[Recorded information Boundary: Start]
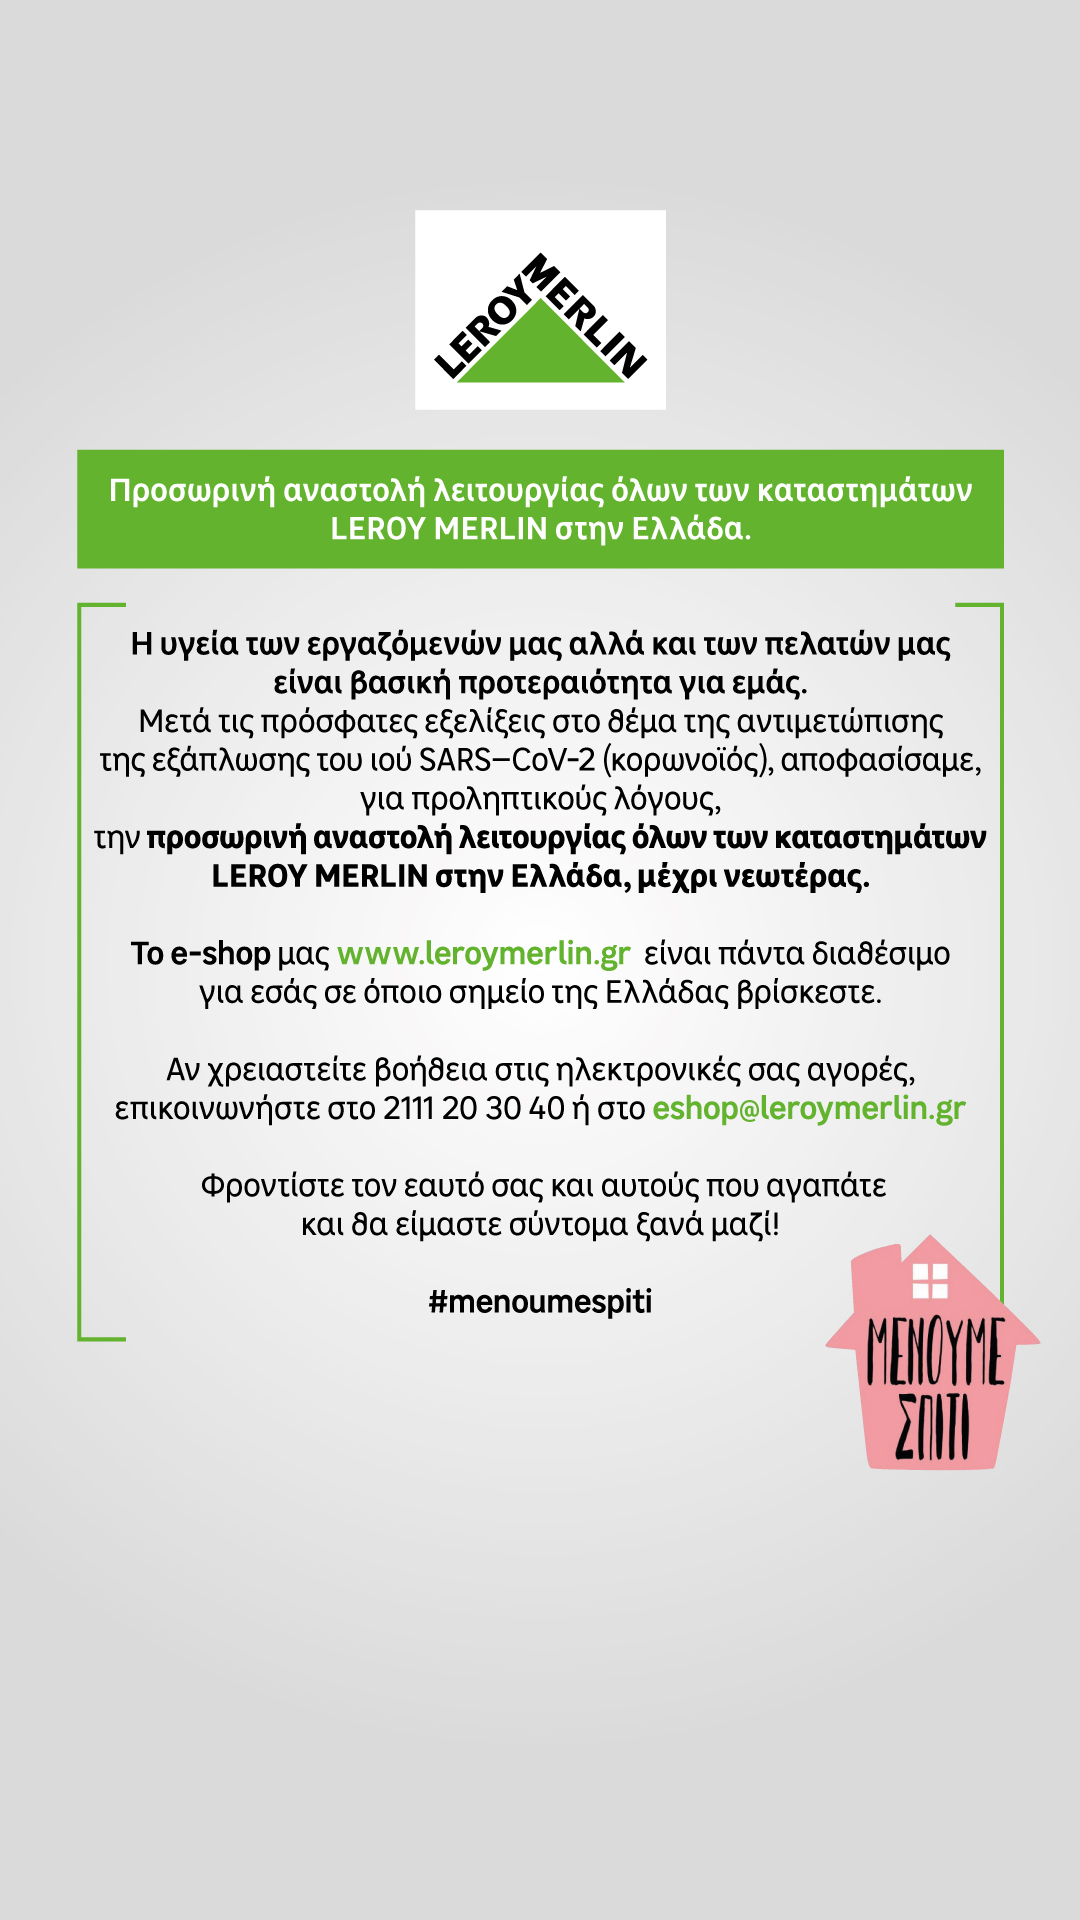 Προσωρινή αναστολή λειτουργίας όλων των καταστημάτων LEROY MERLIN στην Ελλάδα.
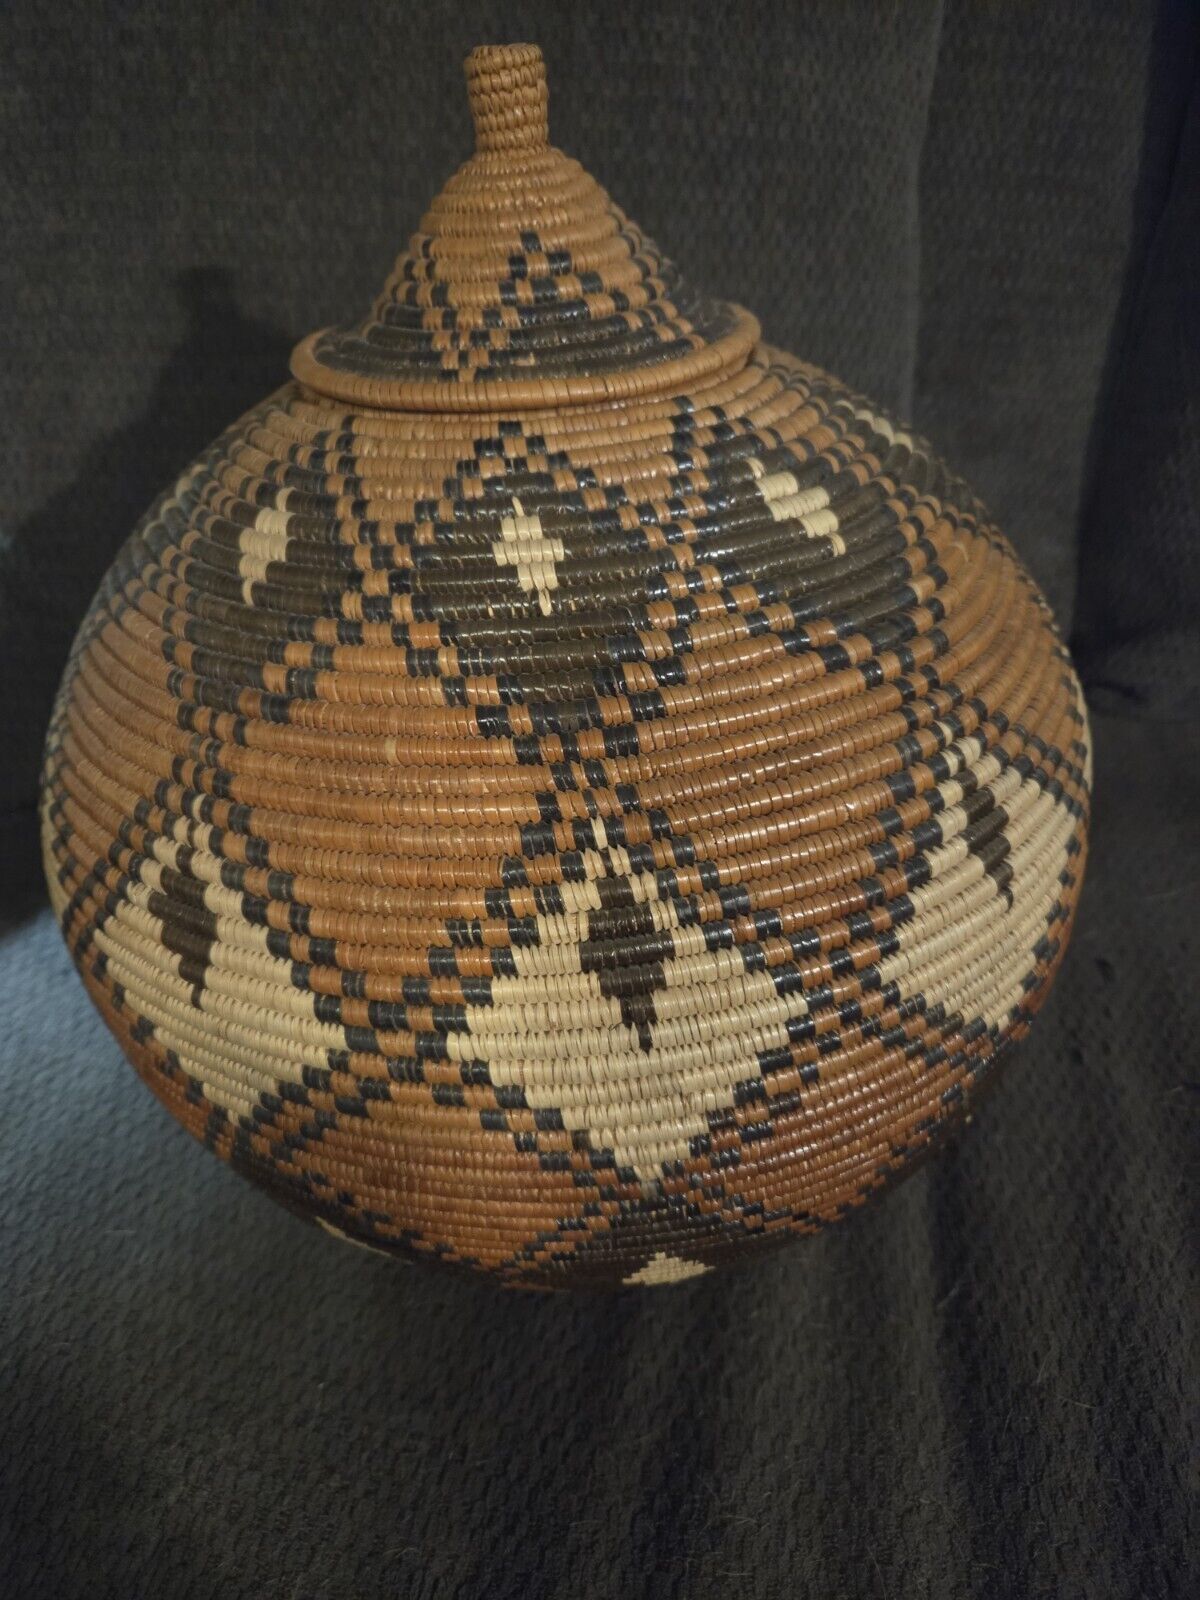 Vintage African Zulu Large Beer Basket with lid.
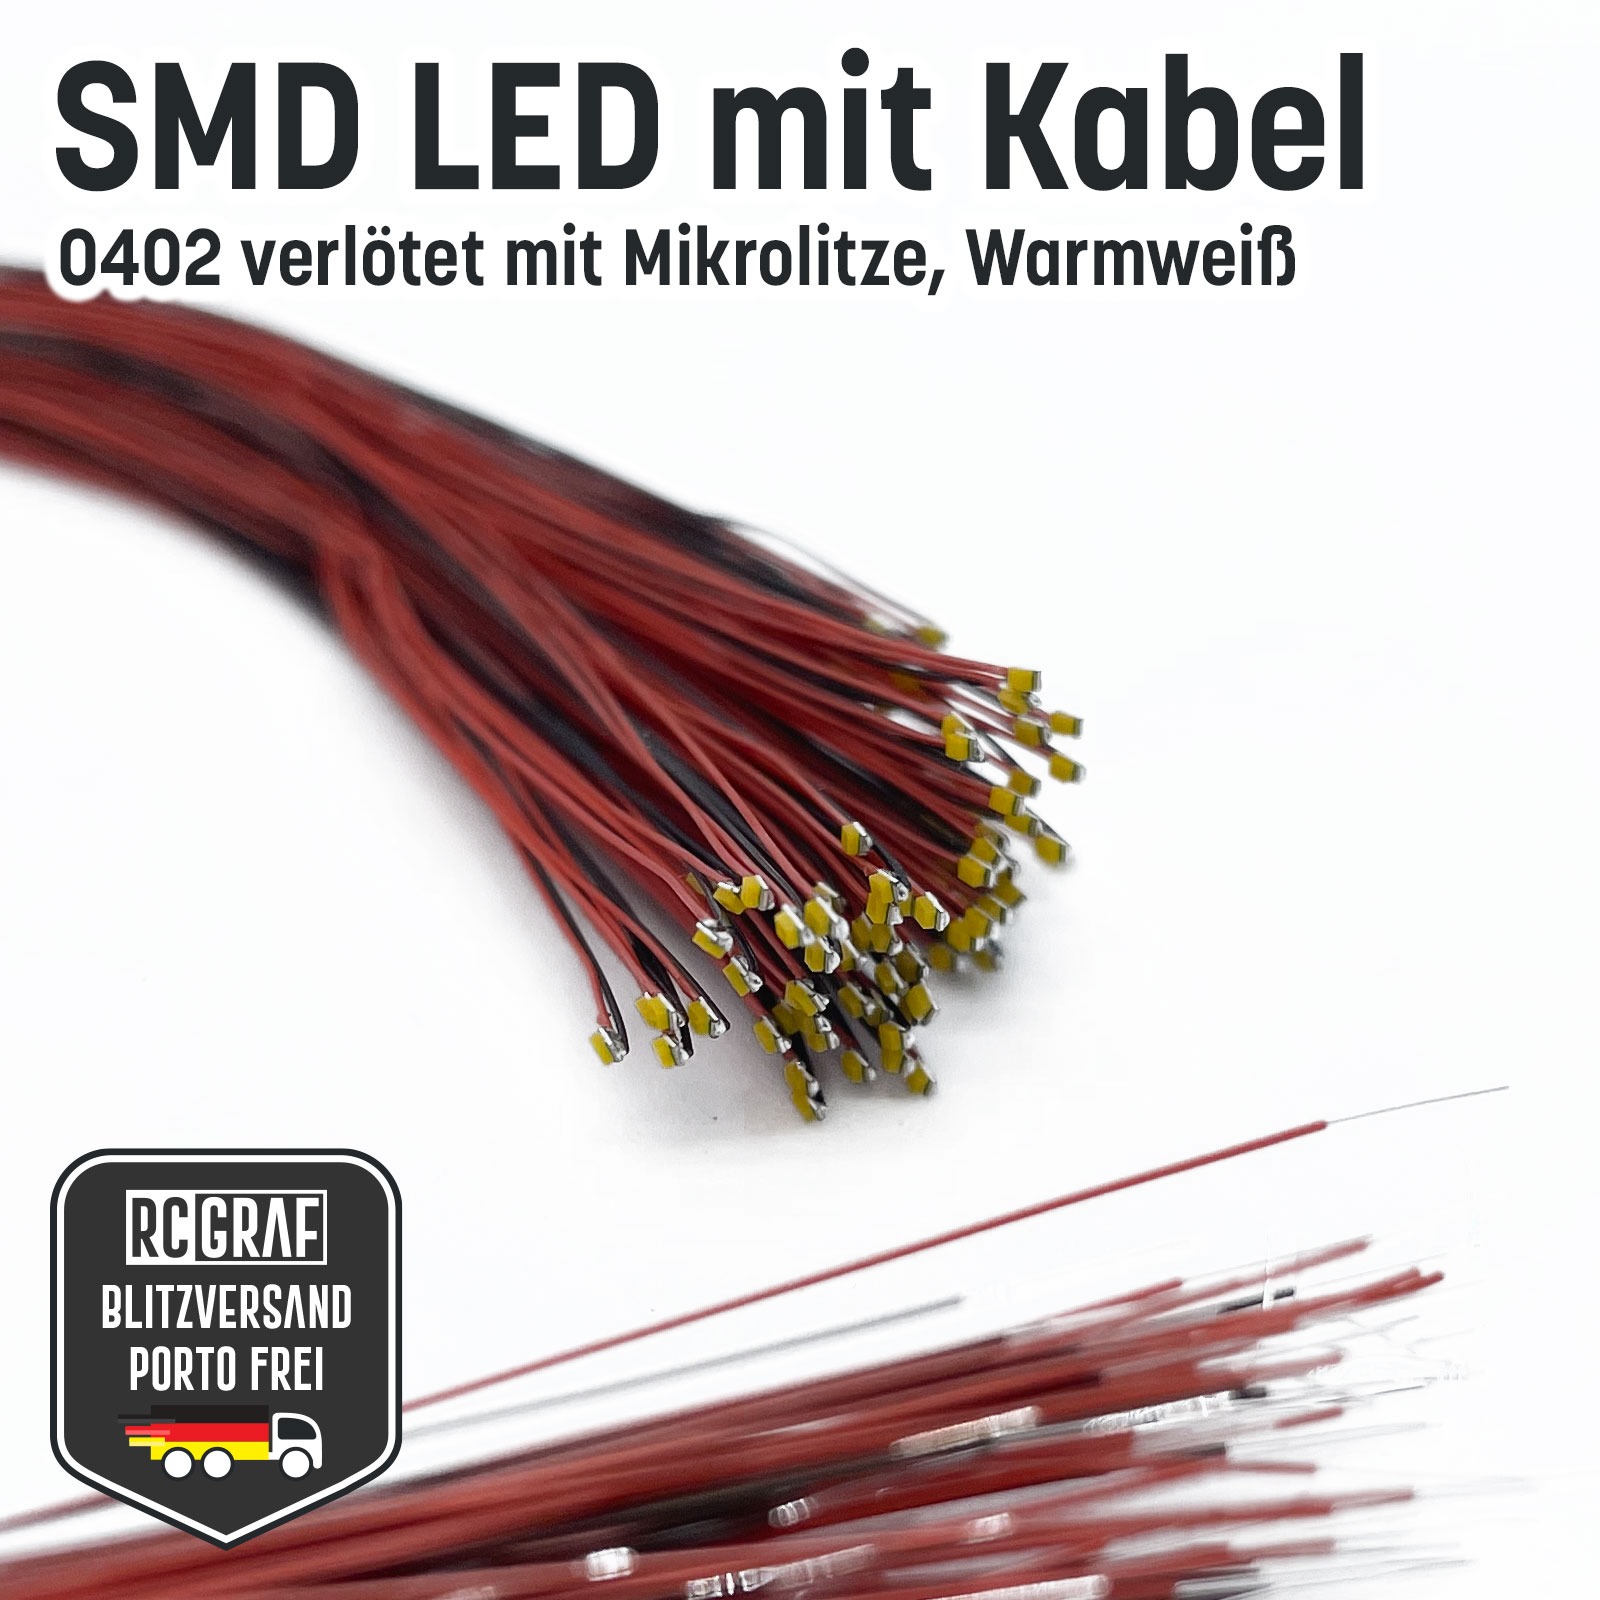 SMD LED 0402 Microlitze 30cm verlötet 8
[Recorded information Boundary: End]
** Exercise goal **
Give back the whole listing exactly as written. Do not include any picture.

** Solution **
 Προσωρινή αναστολή λειτουργίας όλων των καταστημάτων LEROY MERLIN στην Ελλάδα.
 Vintage African Zulu Large Beer Basket with lid.
 SMD LED 0402 Microlitze 30cm verlötet 8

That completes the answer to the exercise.